*** Opening RECORDS TO PROCESS ***
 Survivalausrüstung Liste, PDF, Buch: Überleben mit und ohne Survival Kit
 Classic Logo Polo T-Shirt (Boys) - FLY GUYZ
*** Closing RECORDS TO PROCESS ***
*** Opening RECORDS TO PROCESS ***
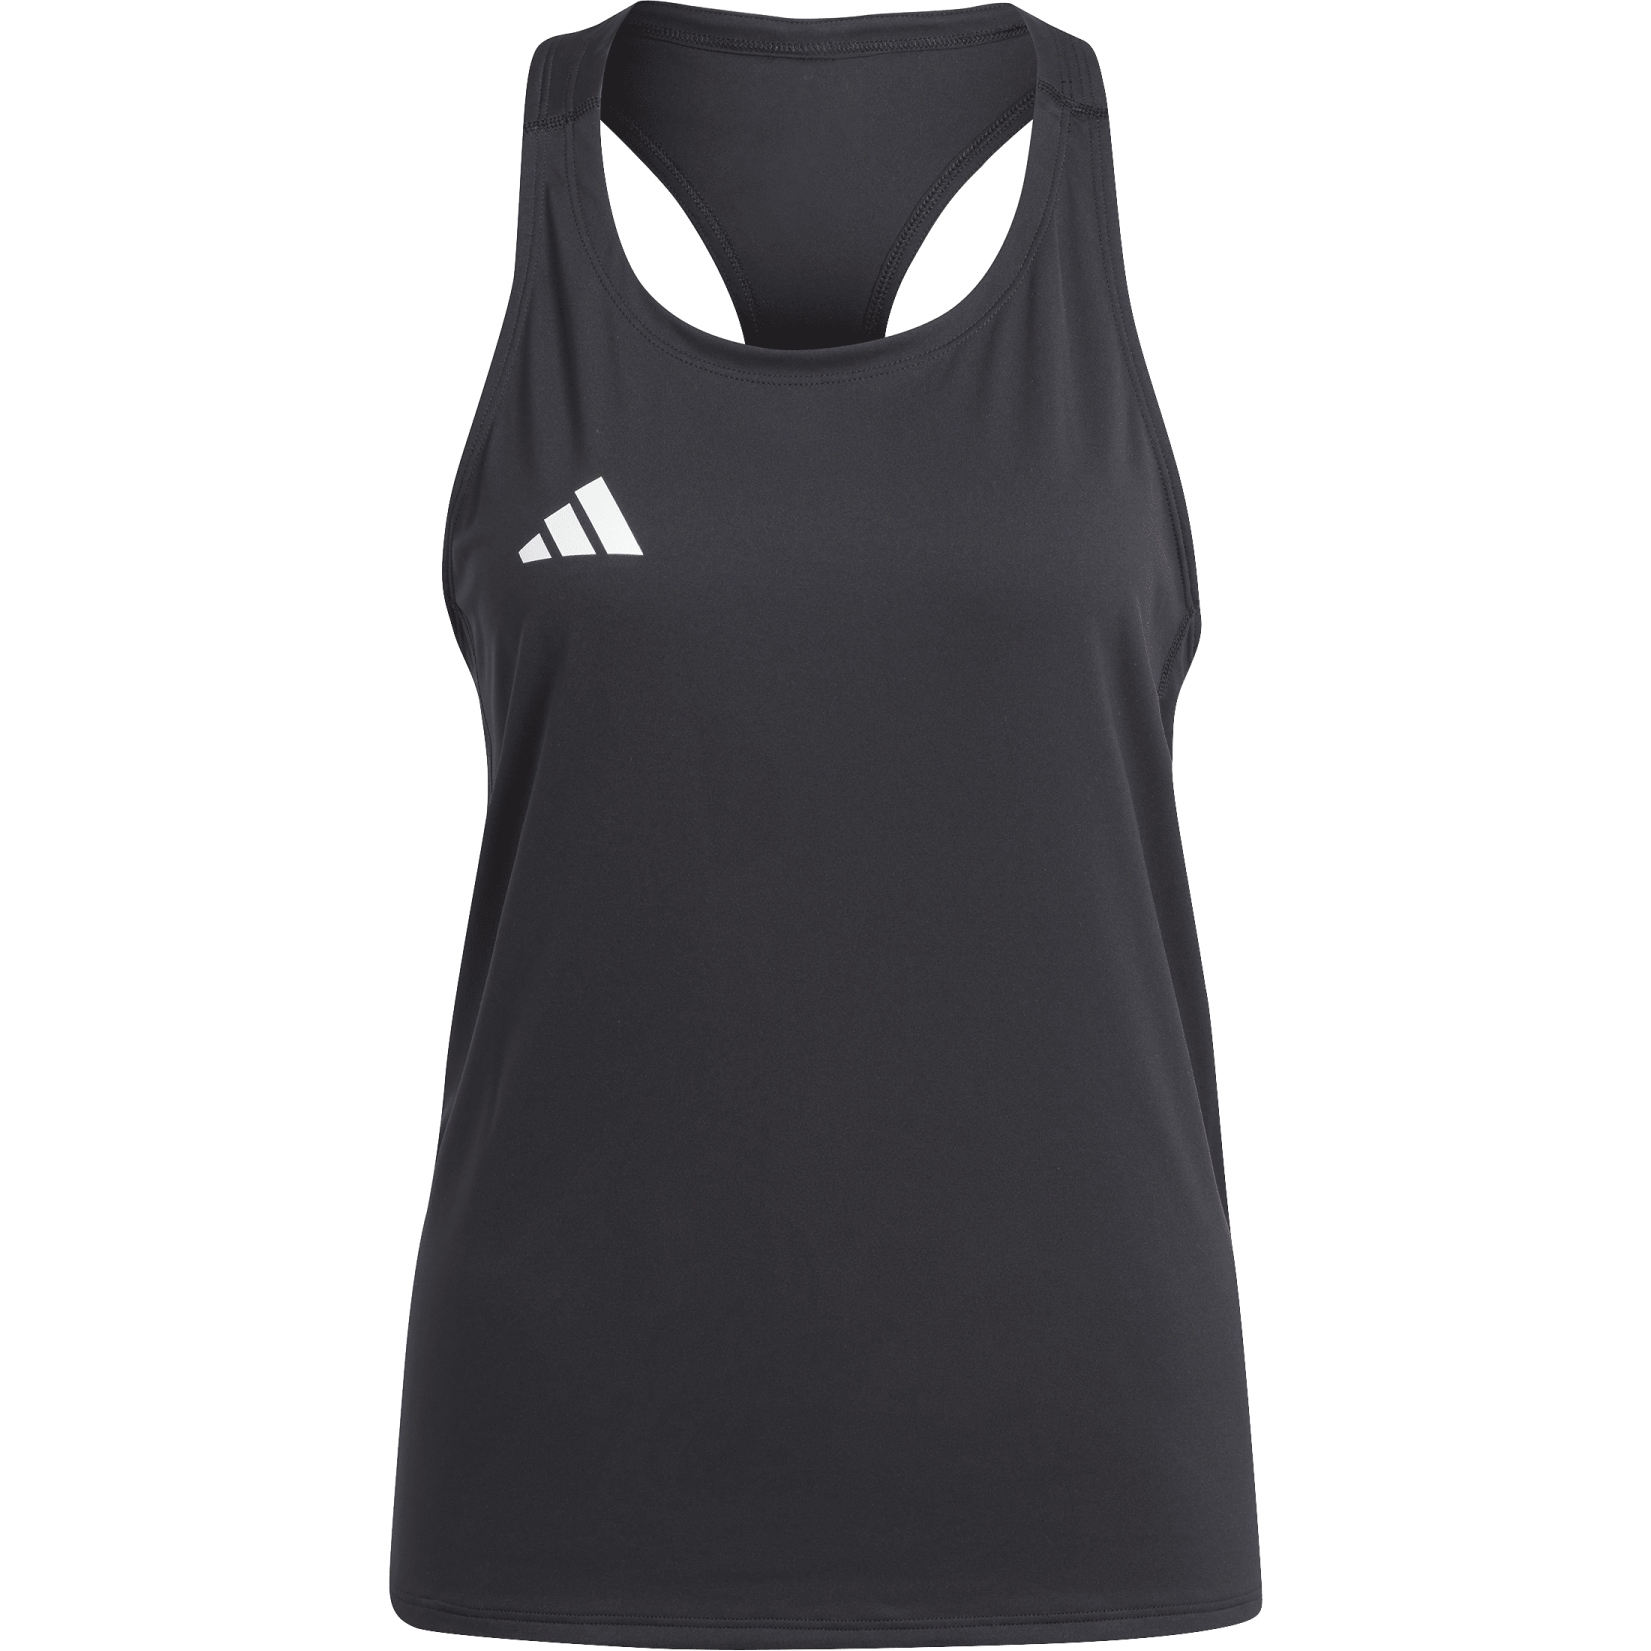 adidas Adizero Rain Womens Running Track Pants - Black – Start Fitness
*** Closing RECORDS TO PROCESS ***
*** Opening RECORDS TO PROCESS ***
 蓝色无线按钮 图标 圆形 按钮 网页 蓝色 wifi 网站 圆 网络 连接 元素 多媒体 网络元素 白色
*** Closing RECORDS TO PROCESS ***
PROBLEM DESCRIPTION: Within the material above, copy exactly the lines from the line that holds "Survivalausrüstung Liste, PDF, Buch: Überleben" up to and including the line that holds "Classic Logo Polo T-Shirt (Boys) - FLY GUYZ".

COMPLETED TASK:
 Survivalausrüstung Liste, PDF, Buch: Überleben mit und ohne Survival Kit
 Classic Logo Polo T-Shirt (Boys) - FLY GUYZ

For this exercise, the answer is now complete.